ABOUT THIS EXERCISE: Your task is to copy the lines of the data below from the line holding "Corporate entertainment hypnosis" through the line holding "Grainline Wovens Bundle", inclusive, exactly and with nothing added.

MATERIAL PROVIDED:
=== Section Start ===
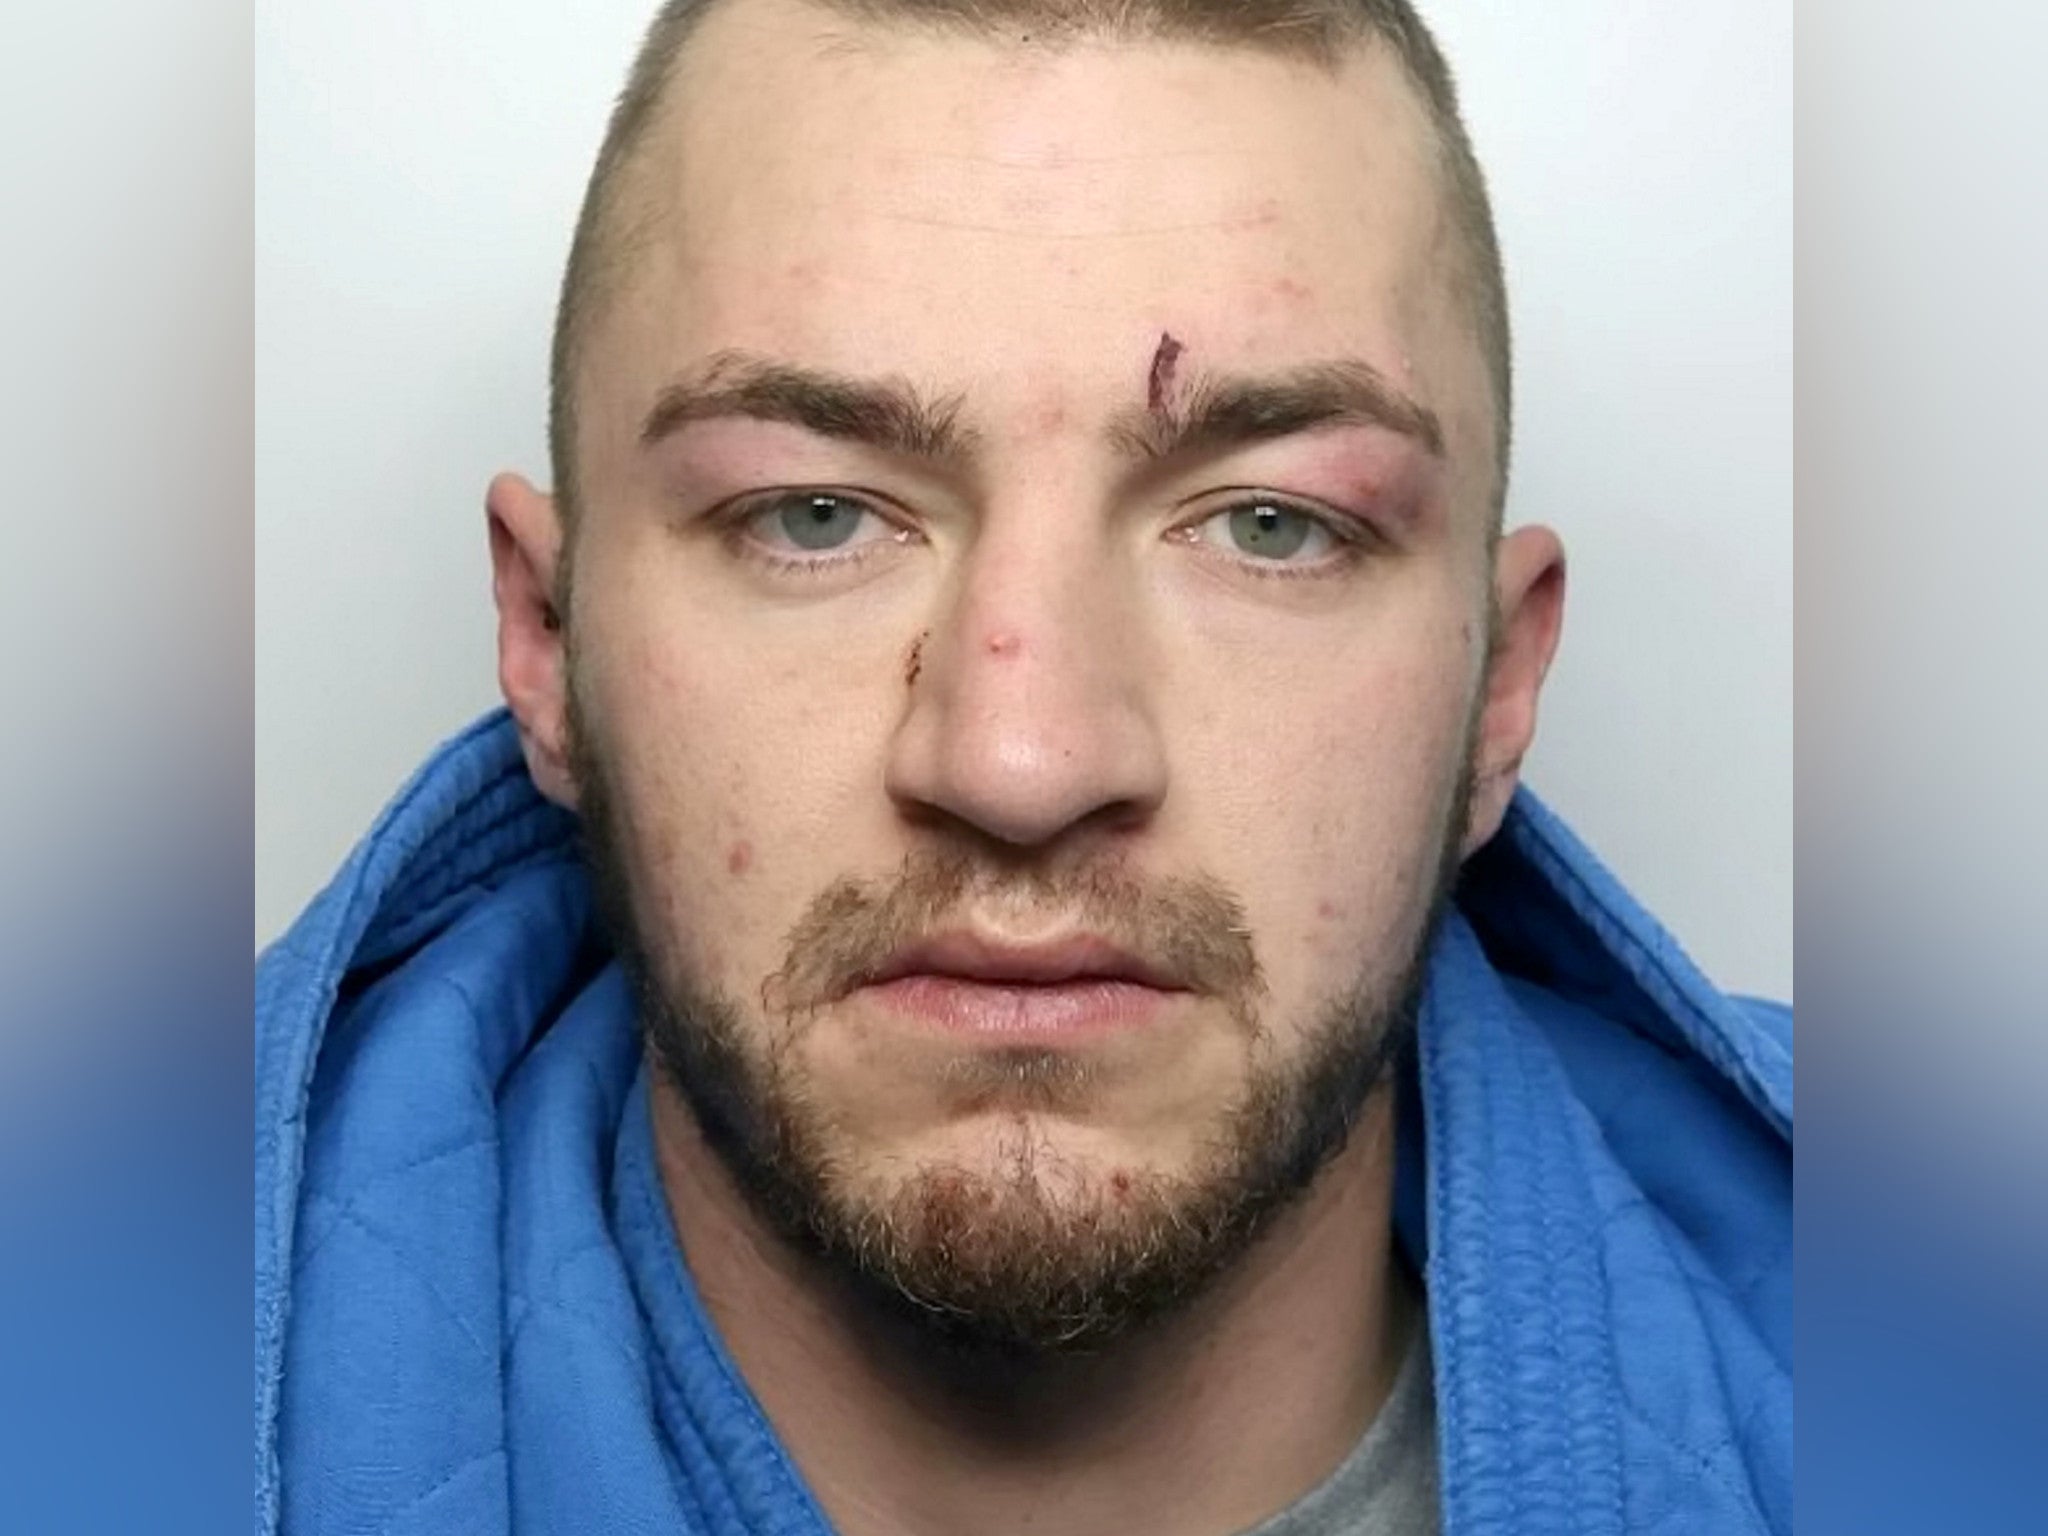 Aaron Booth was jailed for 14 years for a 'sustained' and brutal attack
=== Section End ===
=== Section Start ===
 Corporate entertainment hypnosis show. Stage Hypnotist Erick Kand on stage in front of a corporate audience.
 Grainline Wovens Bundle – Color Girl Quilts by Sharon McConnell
=== Section End ===
EXERCISE ANSWER:
 Corporate entertainment hypnosis show. Stage Hypnotist Erick Kand on stage in front of a corporate audience.
 Grainline Wovens Bundle – Color Girl Quilts by Sharon McConnell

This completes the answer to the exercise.